Roubini, who advised Bill Clinton and Timothy Geithner before founding the global macro research firm Roubini Global Economics, argues that ratings agencies have managed to escape any real scrutiny following the financial crisis.
He says that excessive reliance on credit ratings’ assessments of the risk of subprime mortgages was one of the principal causes of the crisis.
Roubini argues that counting on ratings agencies to measure sovereign risk leaves investors exposed to potential losses.
As an alternative, he advocates a "balance sheet" approach to measuring a country's investment attractiveness—assessing its strengths and weaknesses in the same way that one would scrutinize a company's financial statements.
This approach, Roubini maintains, gives investors a long-term and holistic view of both macro-economic factors and socio-economic indicators, including social inclusion, demography and capacity for innovation.
Roubini points to a number of examples highlighting how a systematic and data driven approach to measuring the macro risk of investing in a country would have given investors a much clearer picture than relying on rating agencies.
- Brazil should have been downgraded below investment grade last year, as the economy struggled with a widening fiscal deficit, a growing debt burden and a weak and worsening business environment.
- Hungary presented investors with an opportunity that many missed as they waited for credit rating agencies to upgrade Hungary to investment grade. The country should have returned to investment grade in 2013 following substantial improvements in the national balance sheet, with both fiscal consolidation and improvements in household finances.
- In the Eurozone, Ireland and Portugal should both be upgraded following fiscal consolidation, but Greece remains a ‘basket case’.
Even with substantial reform, Greece will never be able to repay the excessive debt on its national balance sheet and will continue to rely on debt relief.
Nouriel Roubini, Chairman of Roubini Global Economics, said:
“Credit ratings are no longer fit for purpose. Since the beginning of the US subprime crisis investors have been worried that credit ratings fail to adequately and effectively measure risk.

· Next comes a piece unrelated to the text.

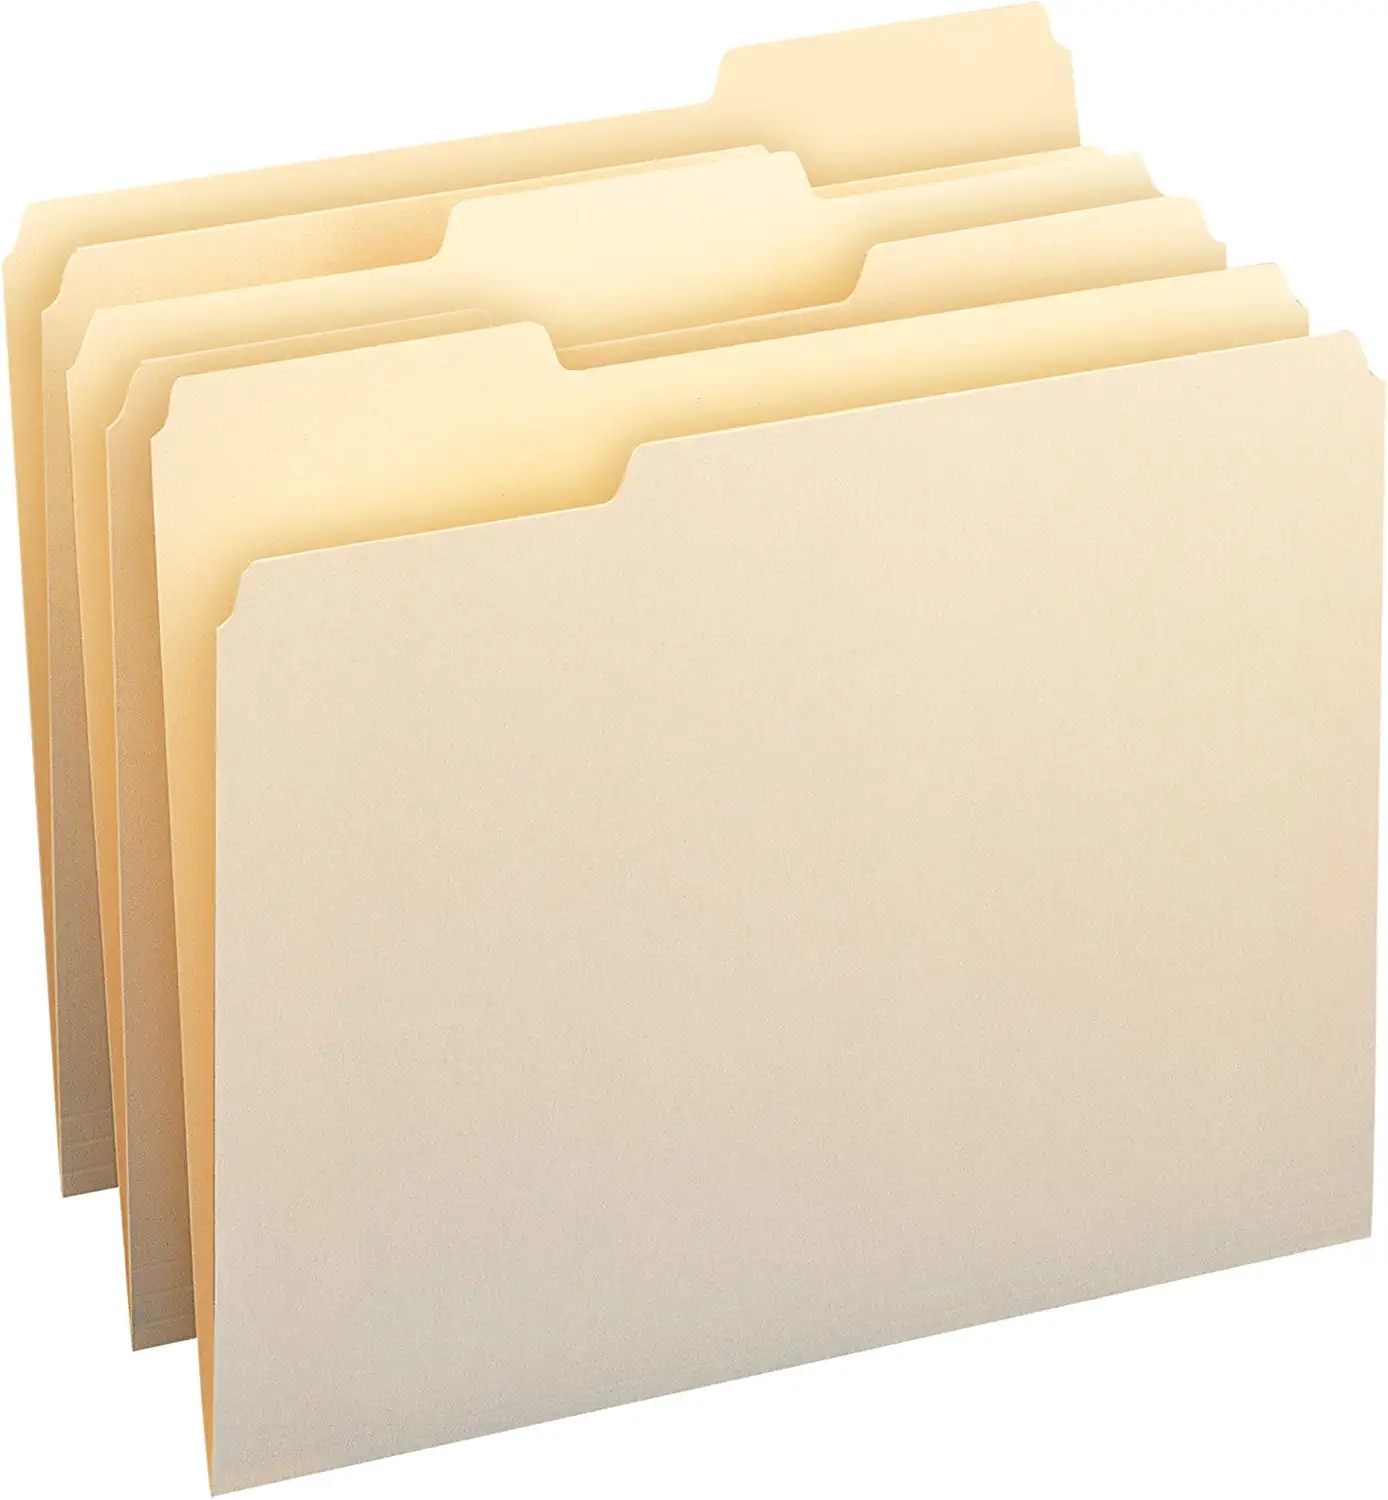 4 Hole Binder Folders A4 File Folders 4 Hole Binder Folders Document Ring Binder  Folder Display Book Morandi Color Waterproof Office School Supplies  Document Storage Bag Insert File Folder

“In practice, analysts at credit rating agencies follow developments in their country and then, if they think that a ratings change might be necessary, travel to the country to review the situation in more detail. This process means that ratings are often backward looking, downgrades occur too late, and countries are typically rerated based on when analysts visit, rather than when fundamentals in the countries change.
“In order to comprehensively assess the macro risk of investing a country, investors need to look systematically at the stocks and flows of the national balance sheet to capture the entire liabilities of the country, including risk in the financial system and the wider private sector, as well as wider risk issues.”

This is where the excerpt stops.